As shown in Fig. 2, TNF-ko mice were more susceptible to corneal challenge with HSV-1 than were the control animals. The differences between the TNF-ko and B6 groups inoculated with 1x106 p.f.u. per eye (P=0·0015; Mantel–Cox log-rank test), and between the TNF-ko and B6 groups inoculated with 5x105 p.f.u. per eye (P=0·015; Fisher's exact test), were significant.

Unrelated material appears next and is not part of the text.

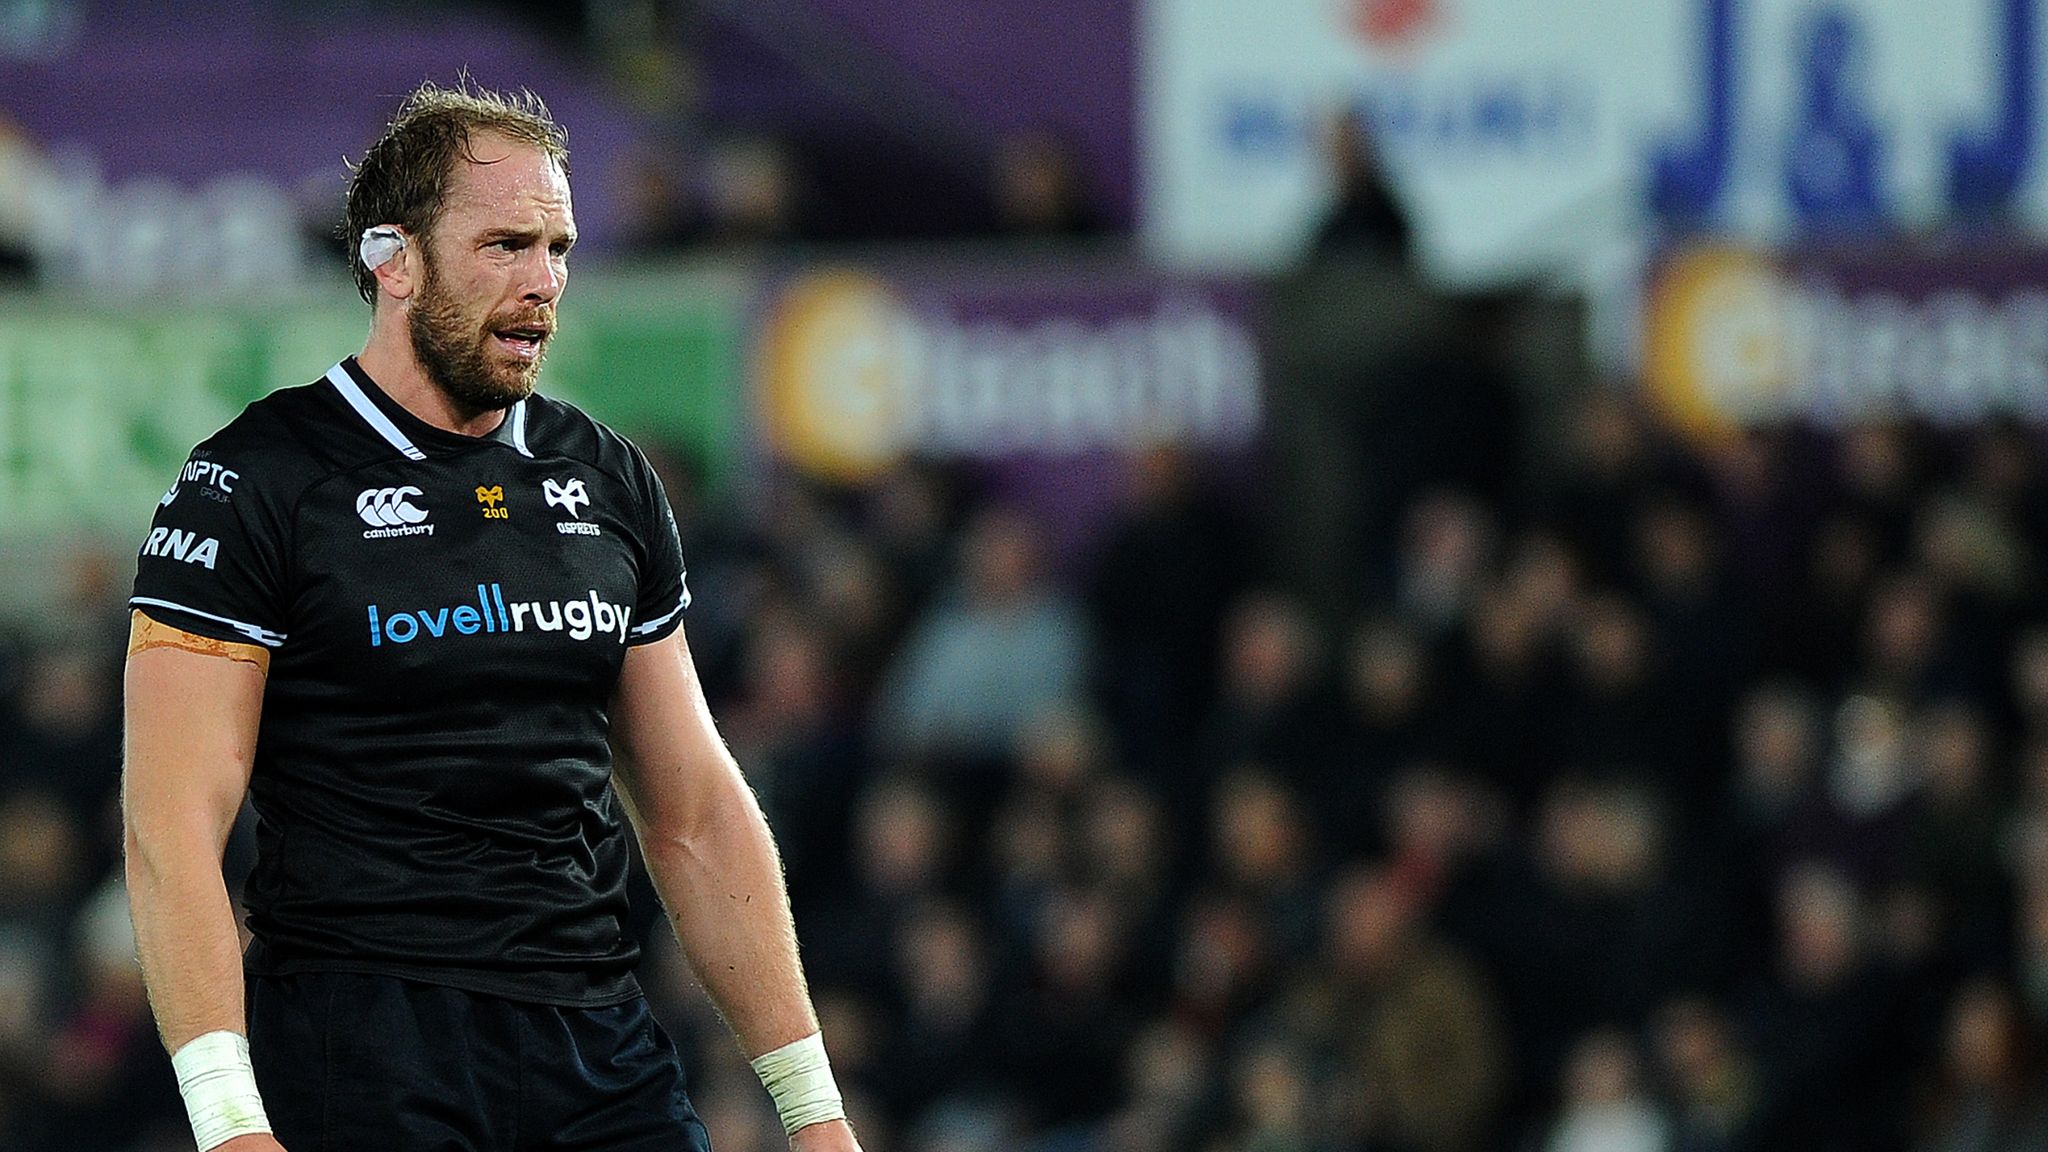 Alun Wyn Jones signs new national dual contract with Welsh Rugby Union and Ospreys Rugby Union News Sky Sports
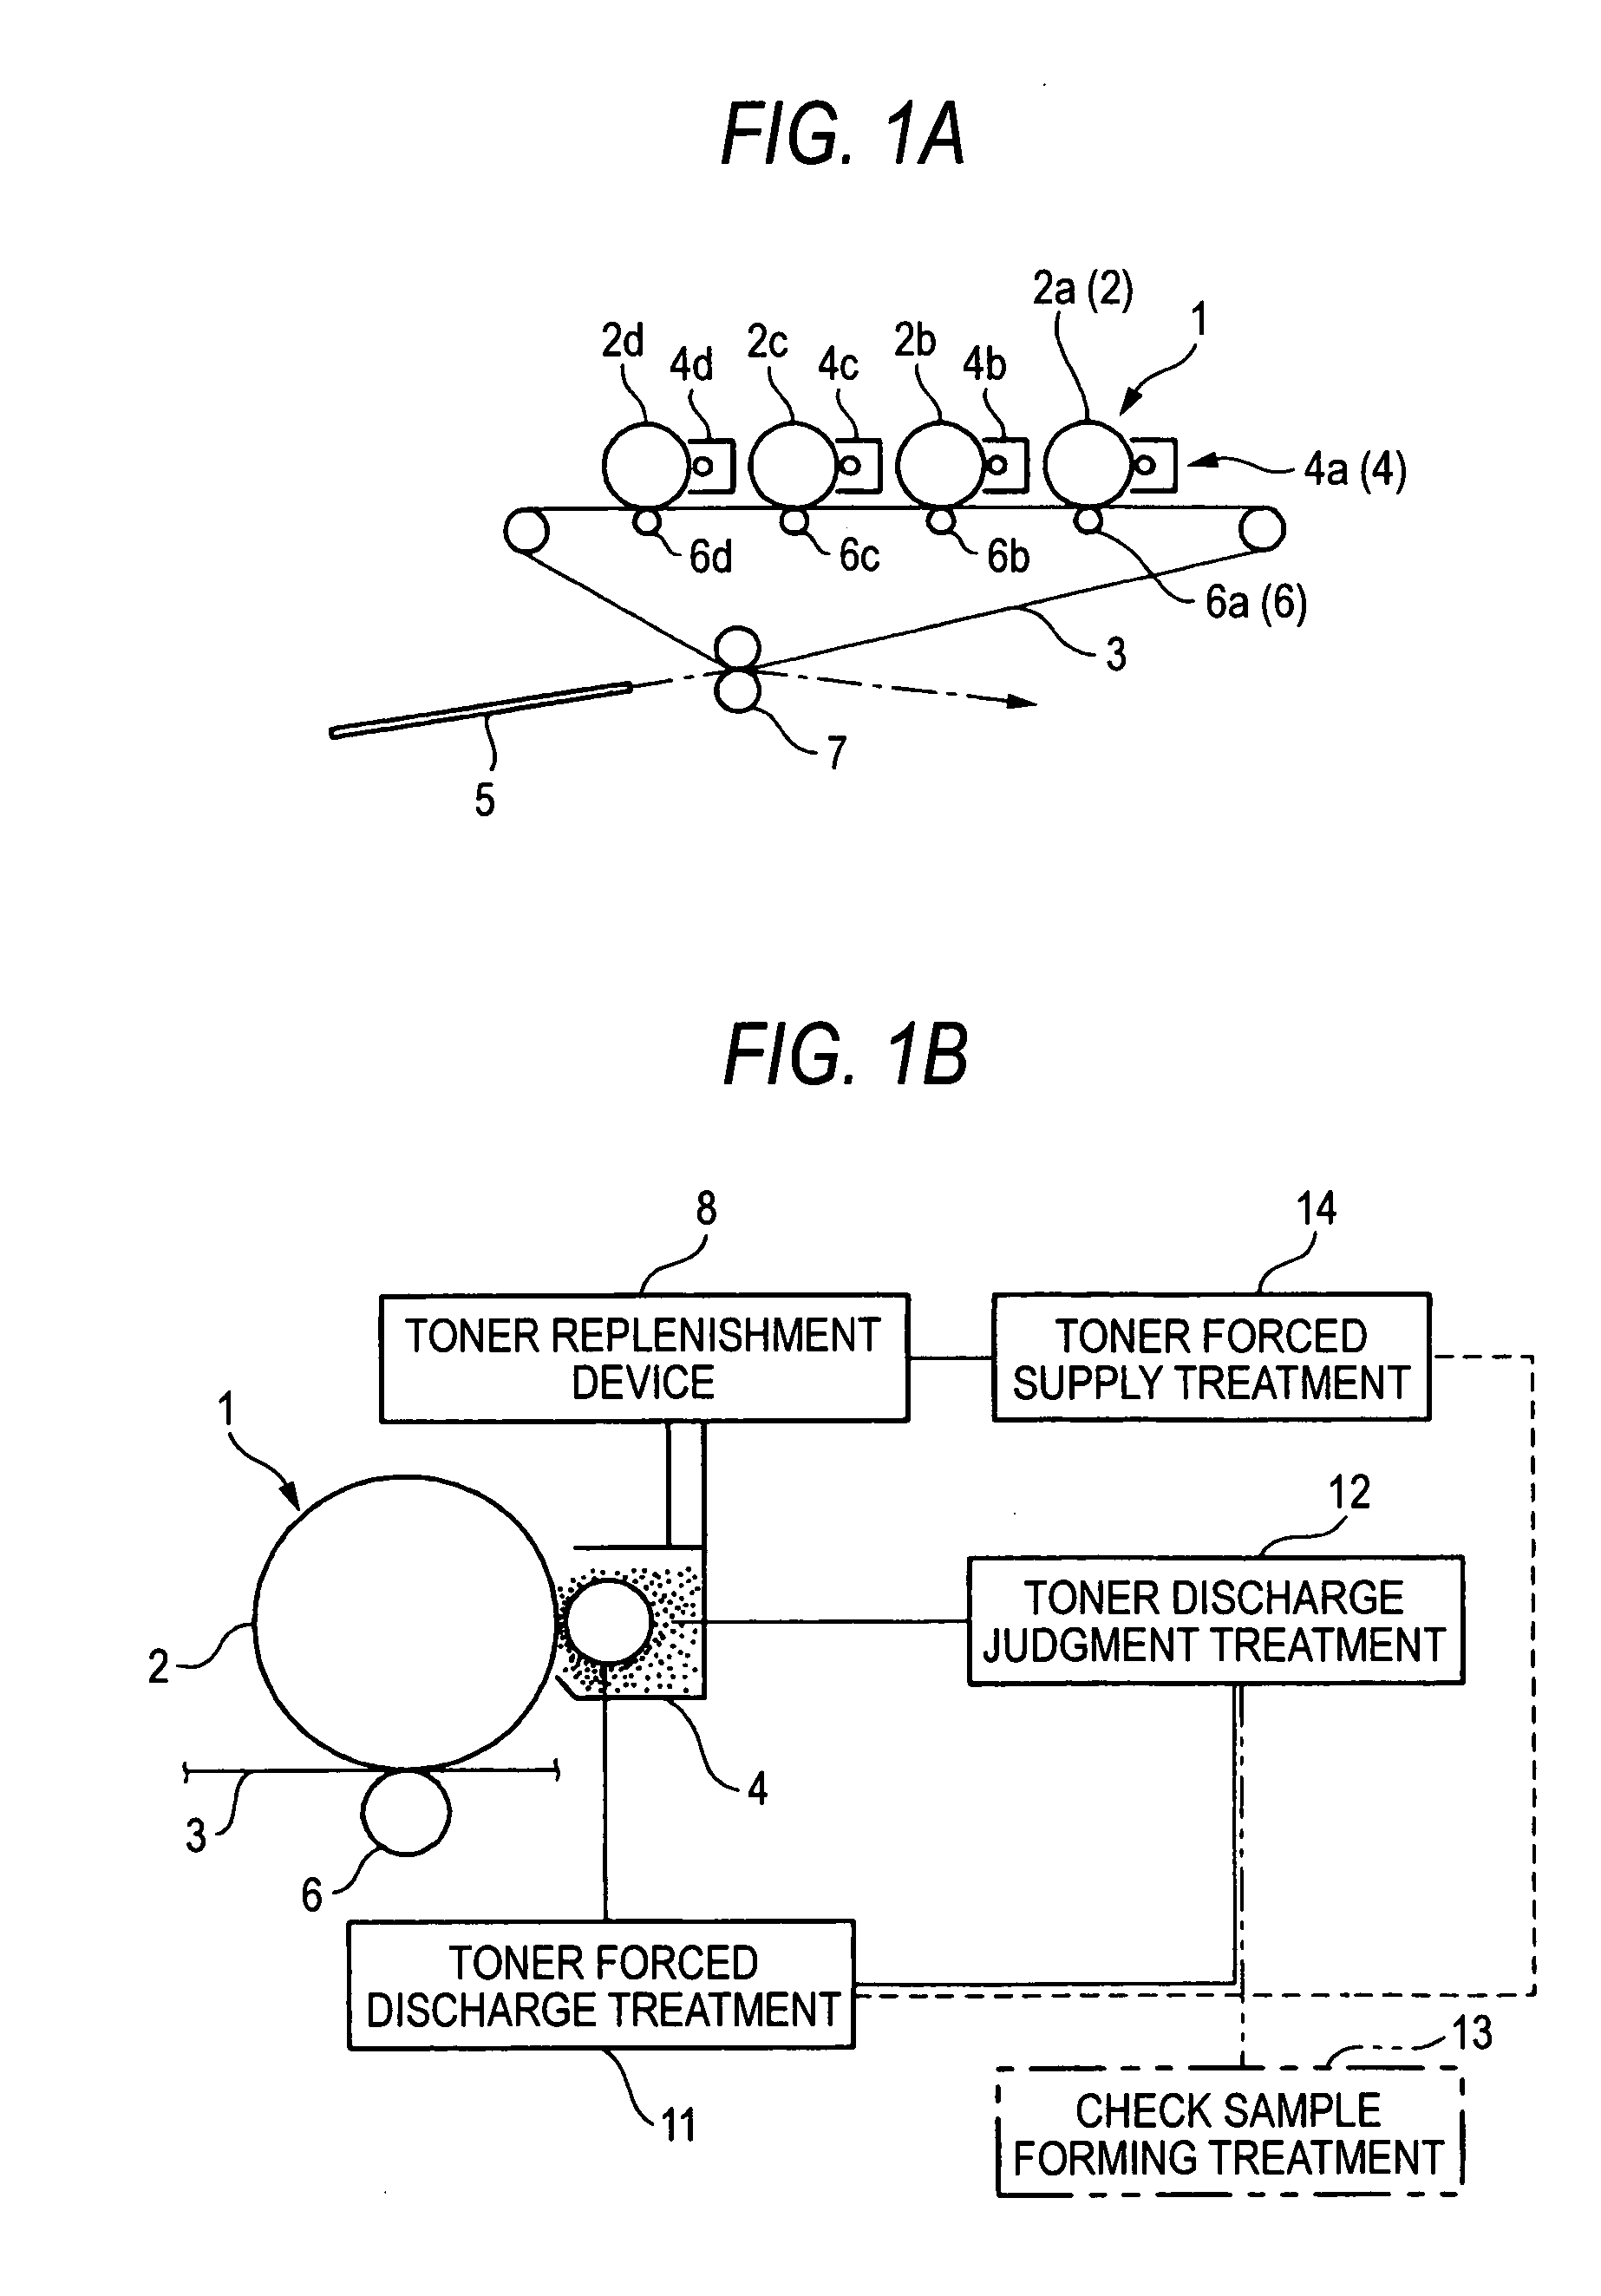 Image forming apparatus and treatment thereof

Since TNF plays a central role in innate immunity, the control of virus propagation at the primary entry site would be impaired in TNF-ko mice. Hence, we determined the infectious virus spread and propagation in the eyes, TG, and the brain during the primary phase of corneal infection. A group of three TNF-ko and three control B6 mice that had been inoculated with 5x105 p.f.u. of HSV-1 per eye was sacrificed each day on days 1, 3, 5, 8, 11 and 14 after inoculation. Eyes, TG and the brain of each mouse, as well as the liver, spleen, and the adrenal glands, were aseptically removed and assayed for infectious virus titres (Minagawa et al., 1997). As expected, infectious HSV-1 in the inoculated eyes (Fig. 3A) and in the TG (Fig. 3B) had higher titres and was detected for a more prolonged period in the TNF-ko group than in the control group. The brain from one TNF-ko mouse sacrificed 8 days after inoculation, was found to be positive for HSV-1 (10 p.f.u.). Infectious HSV-1 was not detected in any of the other brains tested. We did not detect any infectious HSV-1 in any of the organs mentioned below: the eyes, TG and the brain from TNF-ko mice or from control animals sacrificed 21 days after inoculation; the spleen, liver and adrenal glands from those TNF-ko mice that were found to be HSV-1-positive in the eyes and/or TG (i.e. those shown in Fig. 3). The course of recovery from primary acute HSV-1 infection in the TNF-ko mice that survived did not differ greatly from that seen among the control mice.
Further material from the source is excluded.